▶ Data provided:
_ _ _ _ _
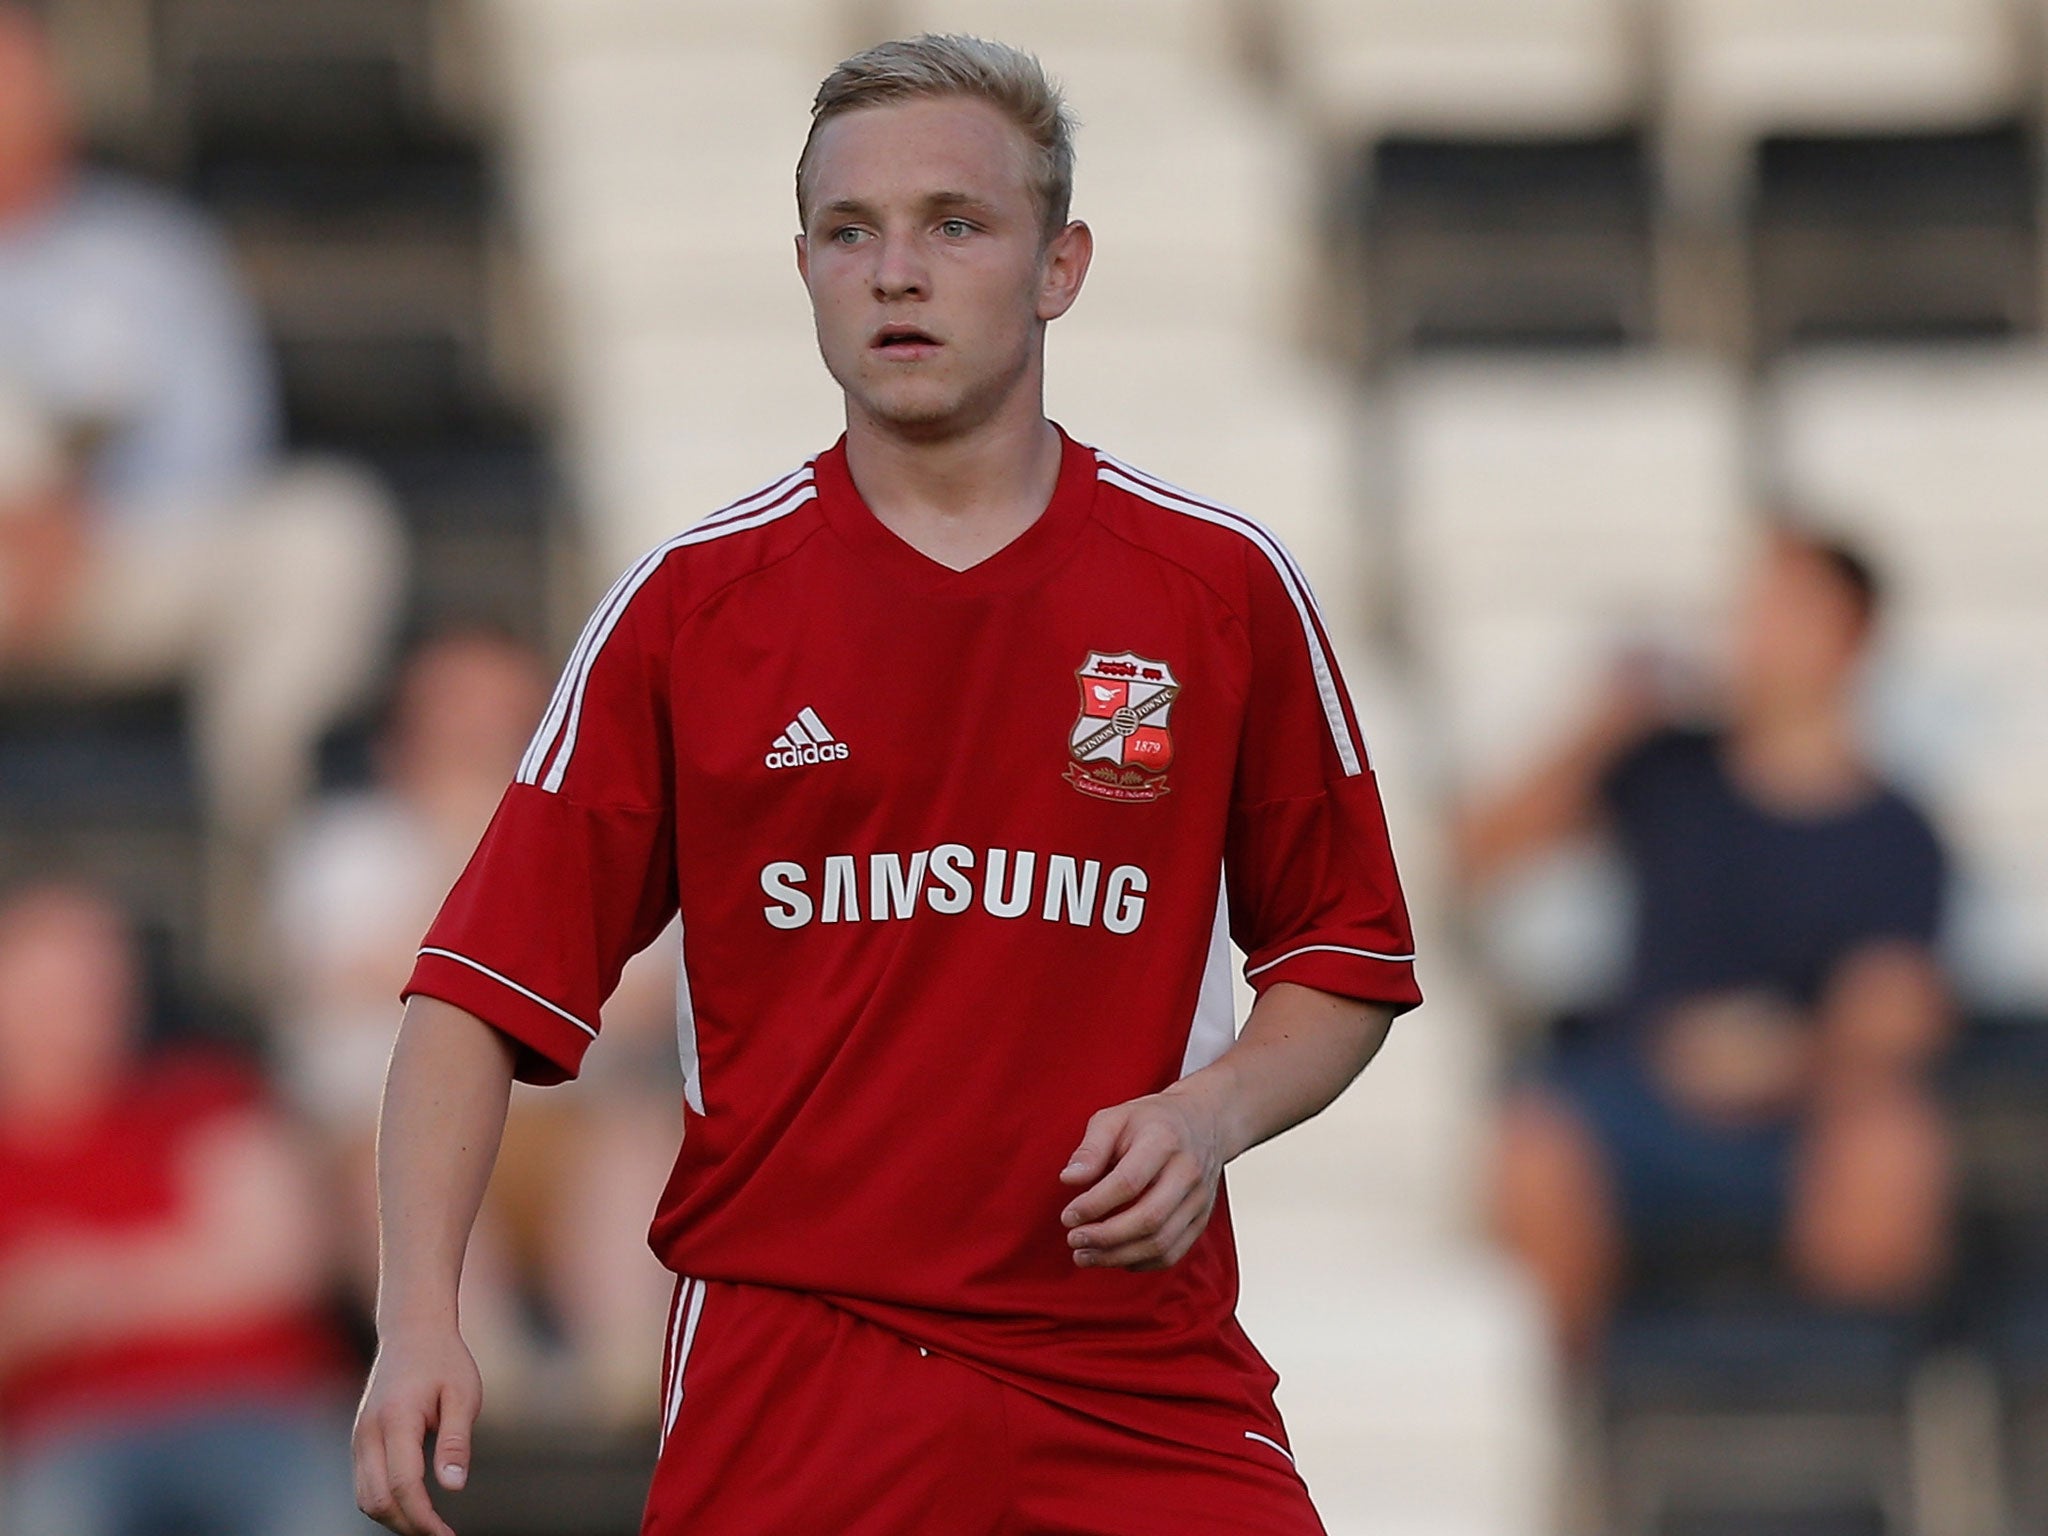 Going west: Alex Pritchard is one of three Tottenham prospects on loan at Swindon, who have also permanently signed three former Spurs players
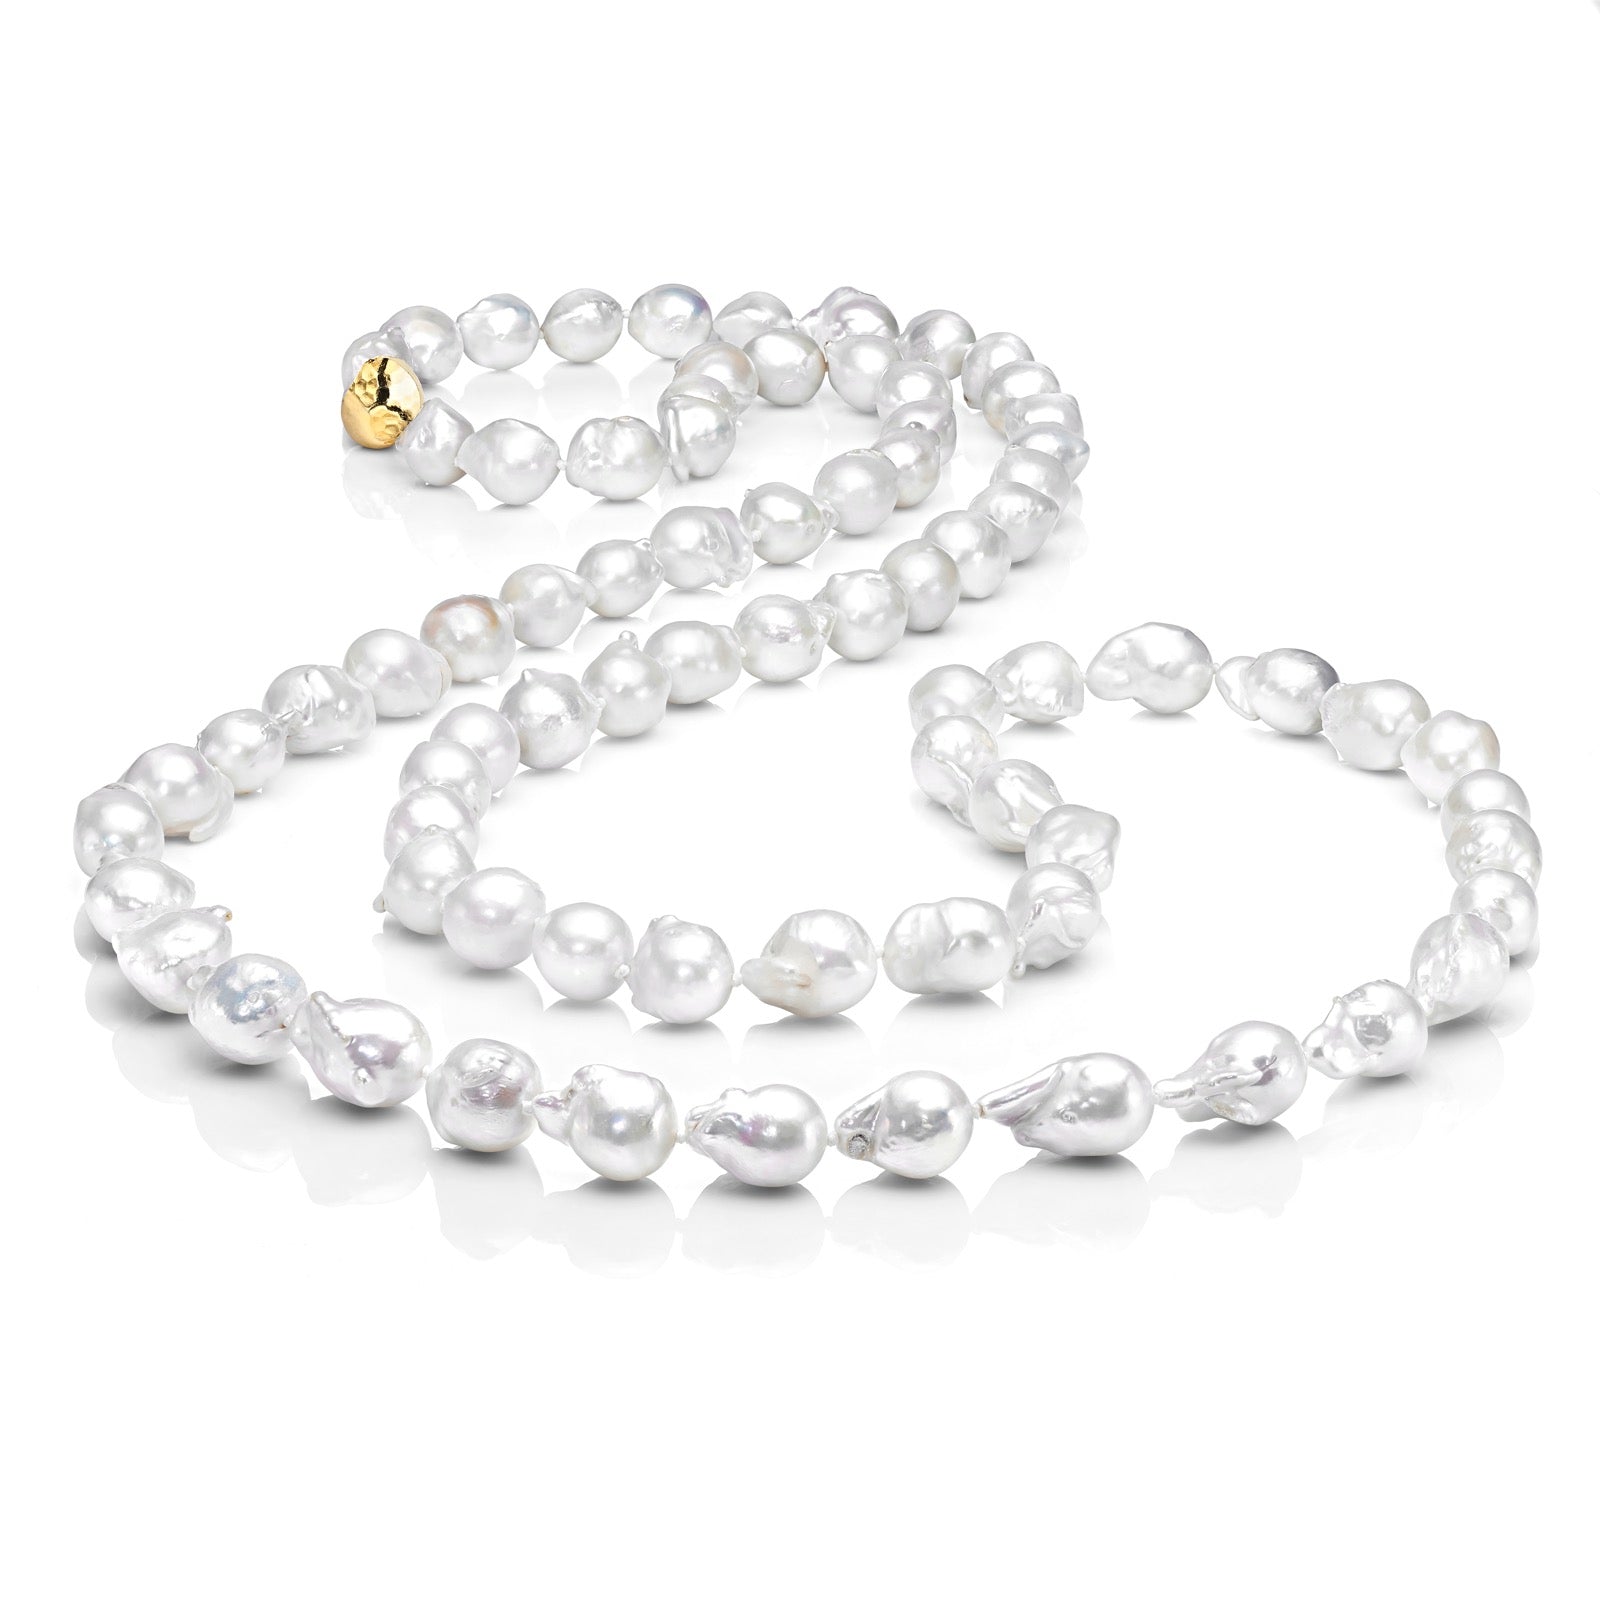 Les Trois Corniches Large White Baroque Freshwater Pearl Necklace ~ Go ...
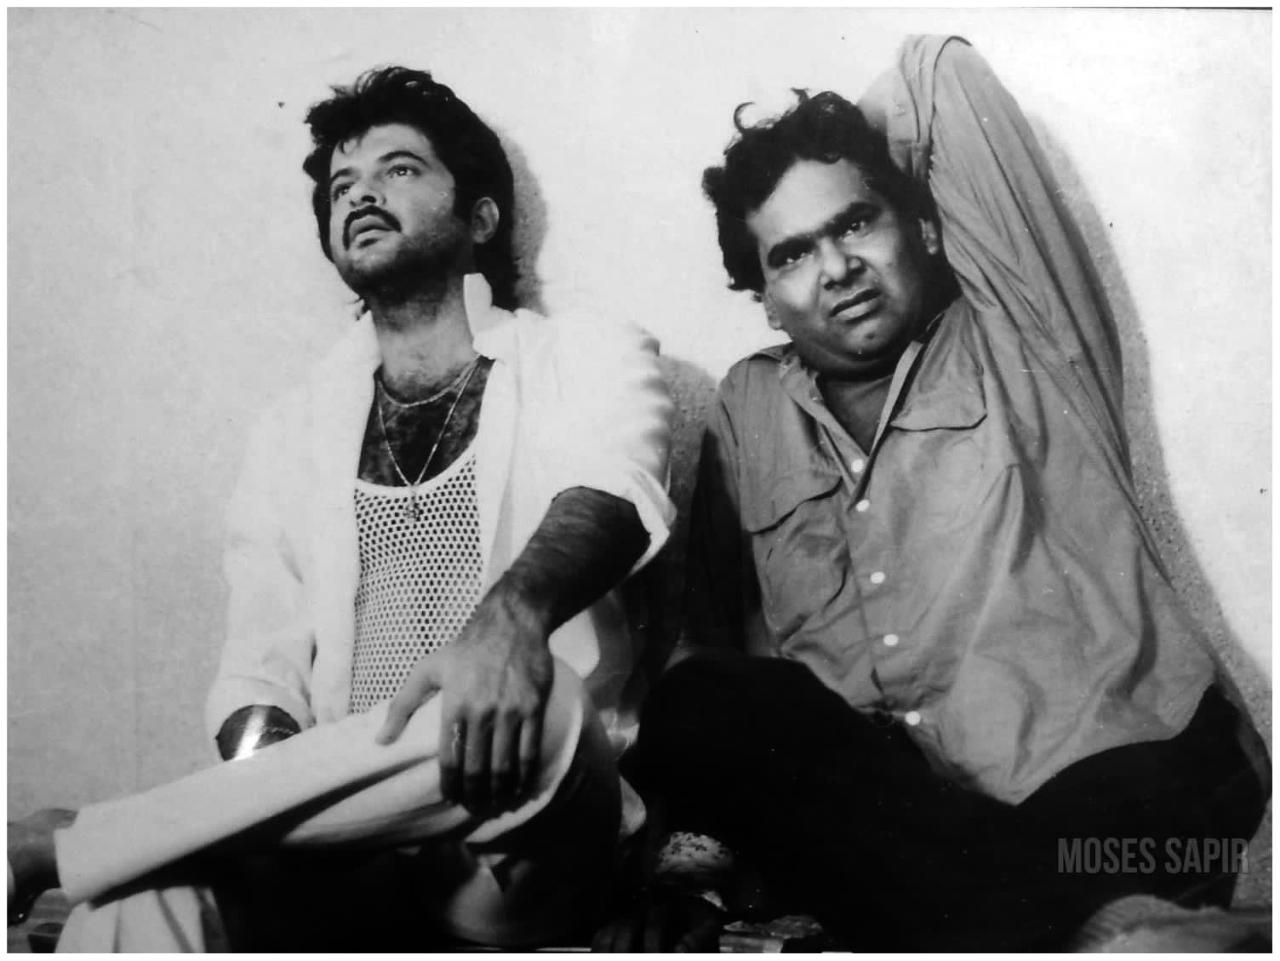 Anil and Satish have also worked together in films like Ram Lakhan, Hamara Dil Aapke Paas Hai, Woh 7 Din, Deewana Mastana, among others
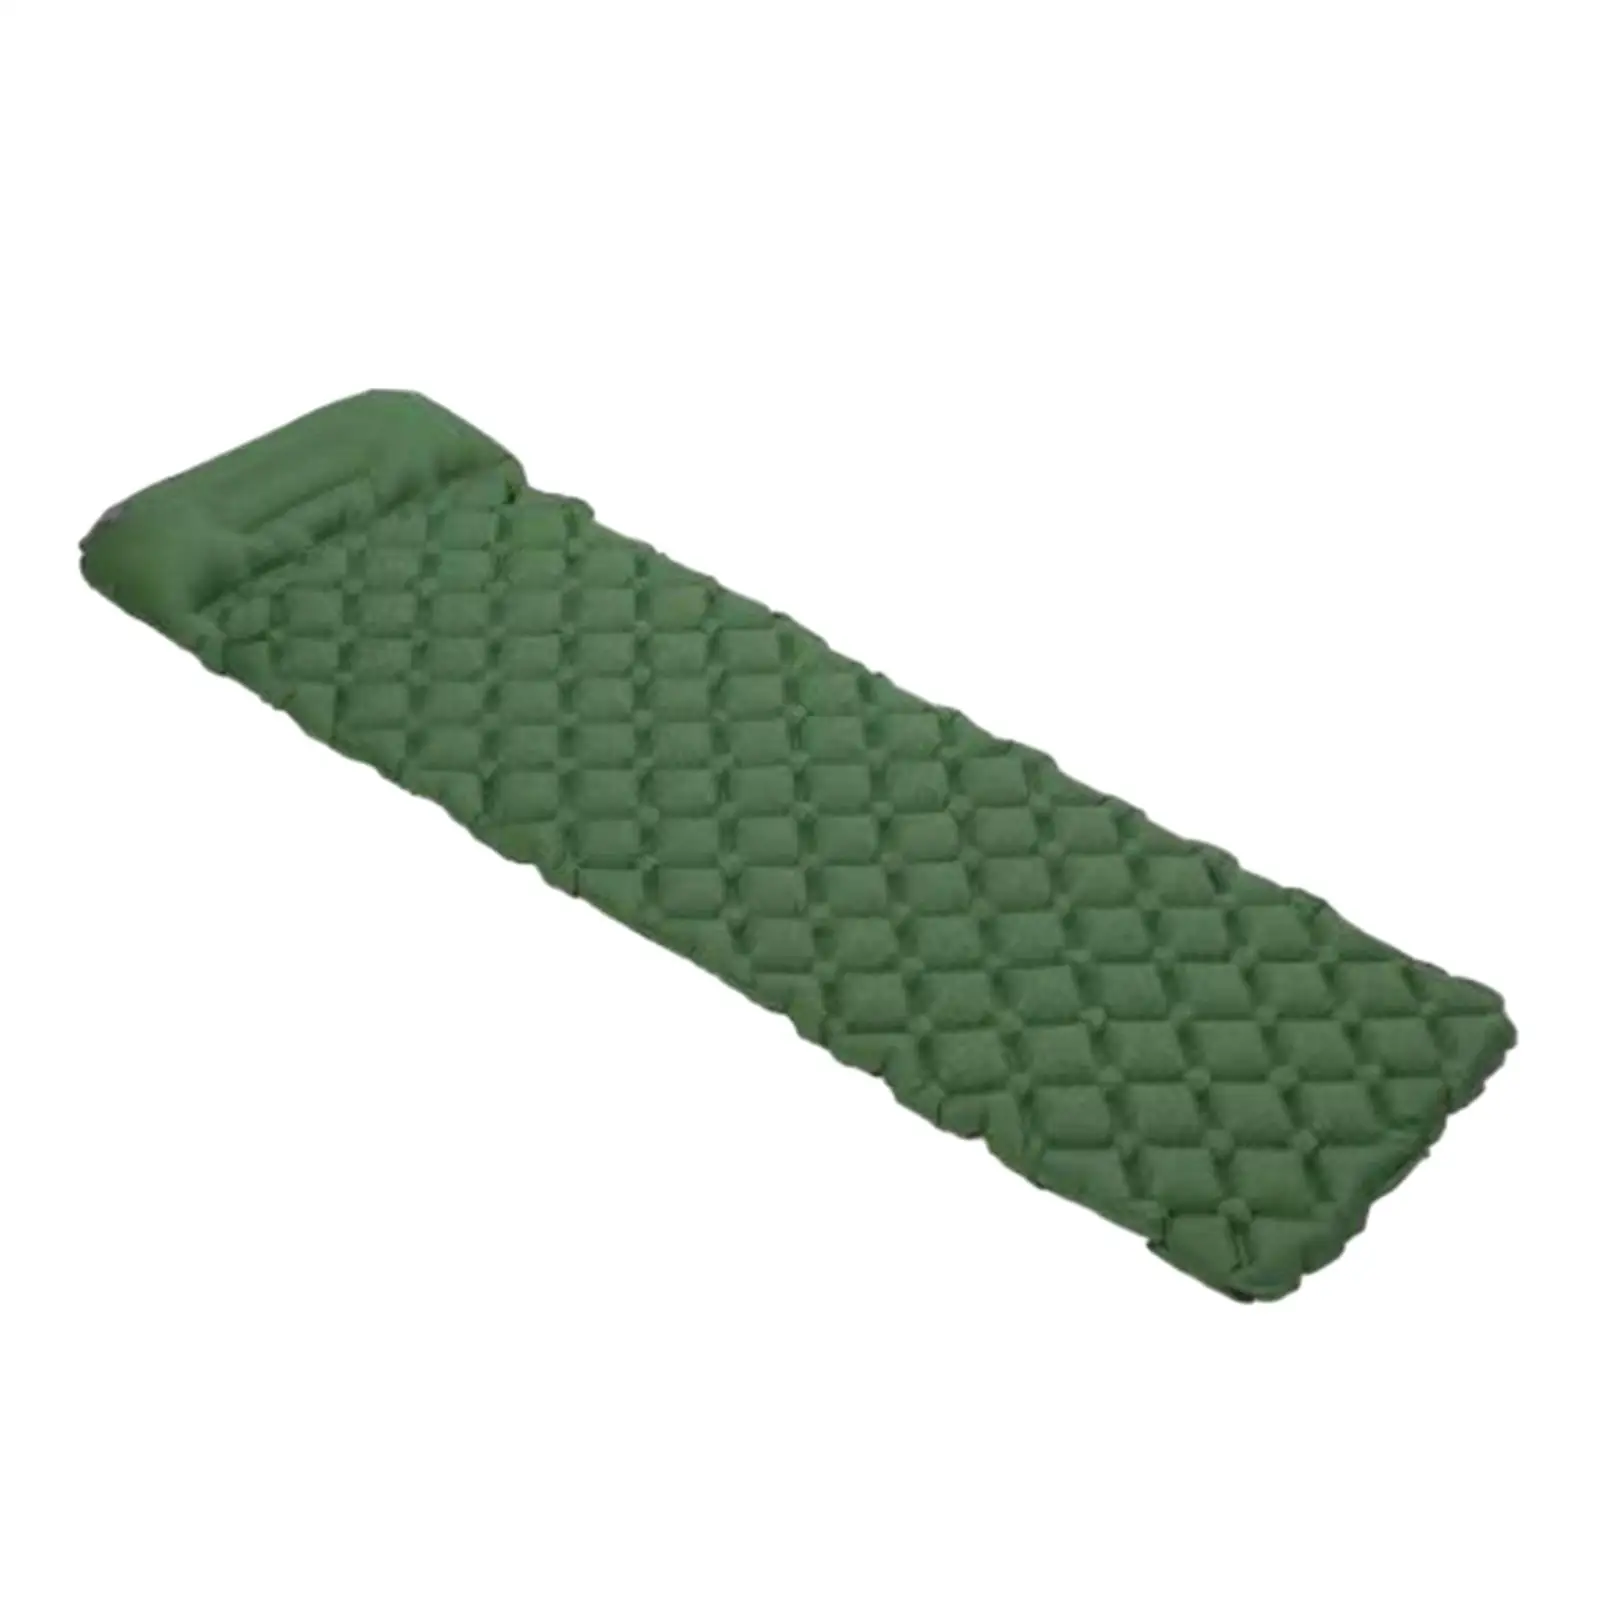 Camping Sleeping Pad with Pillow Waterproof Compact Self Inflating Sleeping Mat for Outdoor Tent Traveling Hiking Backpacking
_ _ _ _ _
▶ What you should do:
Reproduce exactly the lines from the one with "Anil and Satish" to the bottom of the listing, both ends included, and nothing else. Skip the pictures.

▶ Reply:
 Anil and Satish have also worked together in films like Ram Lakhan, Hamara Dil Aapke Paas Hai, Woh 7 Din, Deewana Mastana, among others
 Camping Sleeping Pad with Pillow Waterproof Compact Self Inflating Sleeping Mat for Outdoor Tent Traveling Hiking Backpacking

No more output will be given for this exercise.